MATERIAL SUPPLIED>
>>>

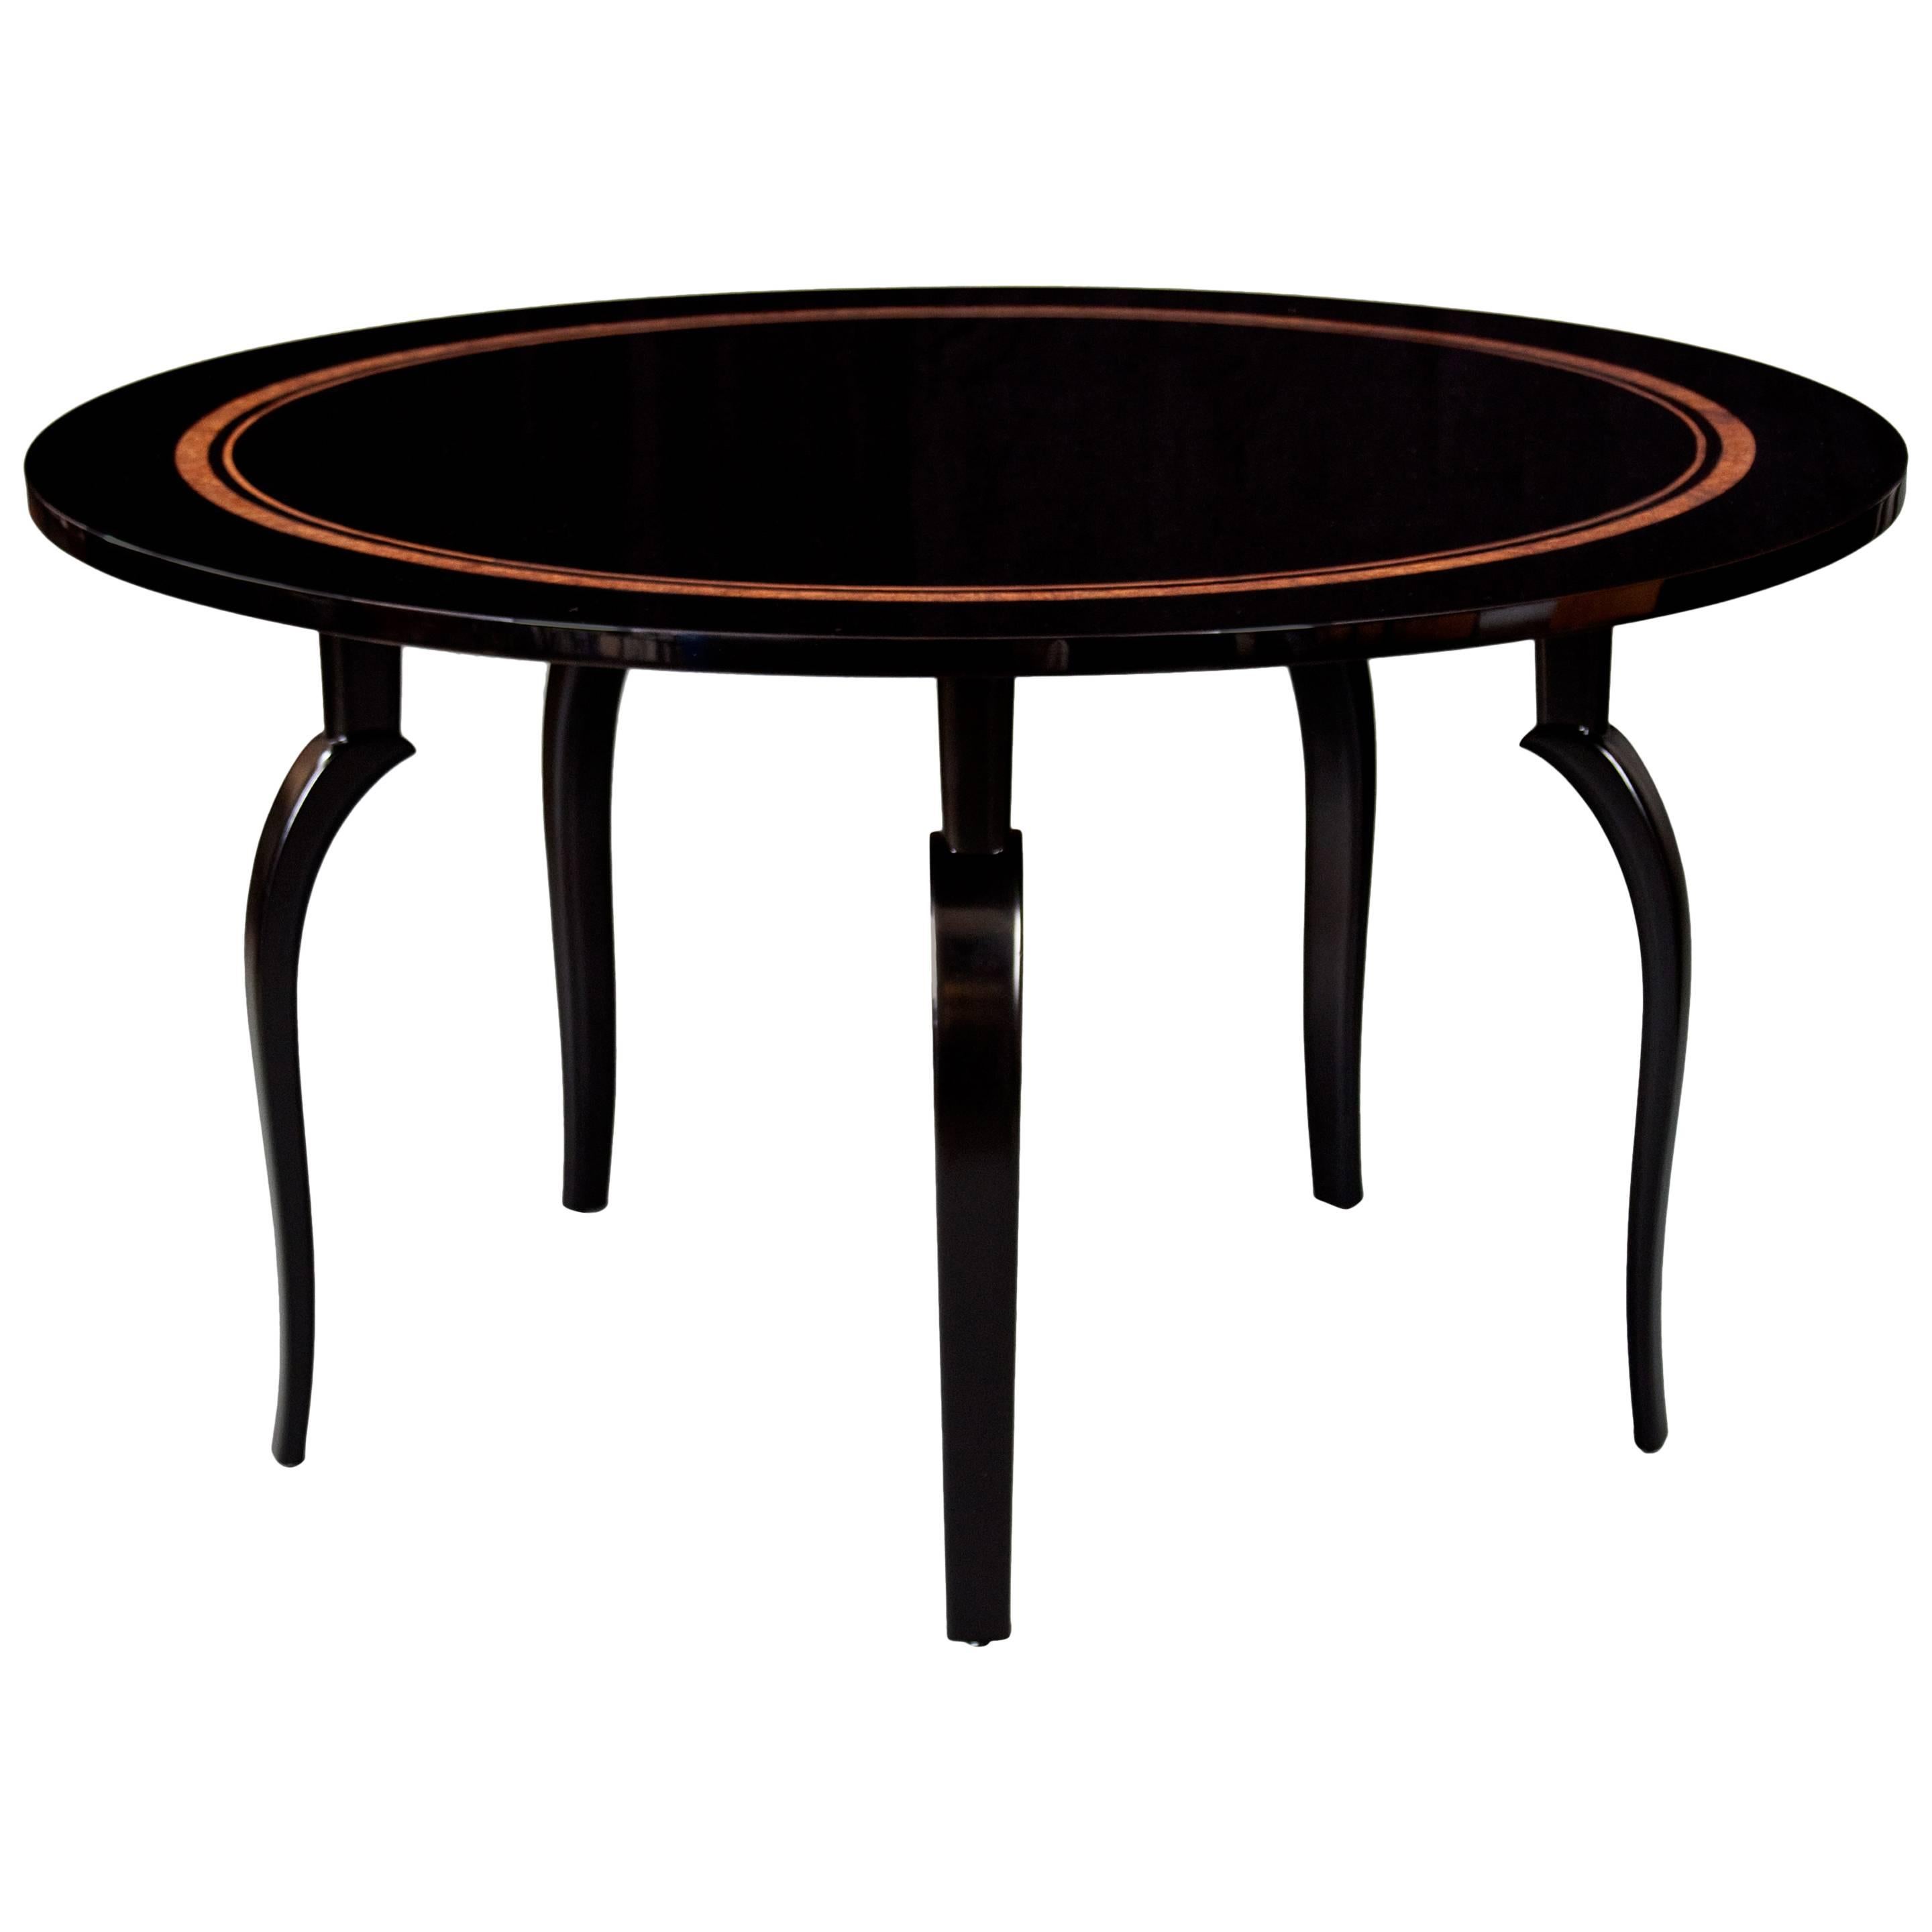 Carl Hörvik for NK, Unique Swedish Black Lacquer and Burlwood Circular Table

<<<
>>>

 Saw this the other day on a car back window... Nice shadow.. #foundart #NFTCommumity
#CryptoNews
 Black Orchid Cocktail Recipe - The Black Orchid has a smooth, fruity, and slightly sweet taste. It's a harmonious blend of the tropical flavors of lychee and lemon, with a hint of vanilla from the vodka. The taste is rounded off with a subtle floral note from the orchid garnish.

<<<

Output should match, line for line, the stretch of the material above from the line holding "Saw this the" through the line holding "#CryptoNews".

 Saw this the other day on a car back window... Nice shadow.. #foundart #NFTCommumity
#CryptoNews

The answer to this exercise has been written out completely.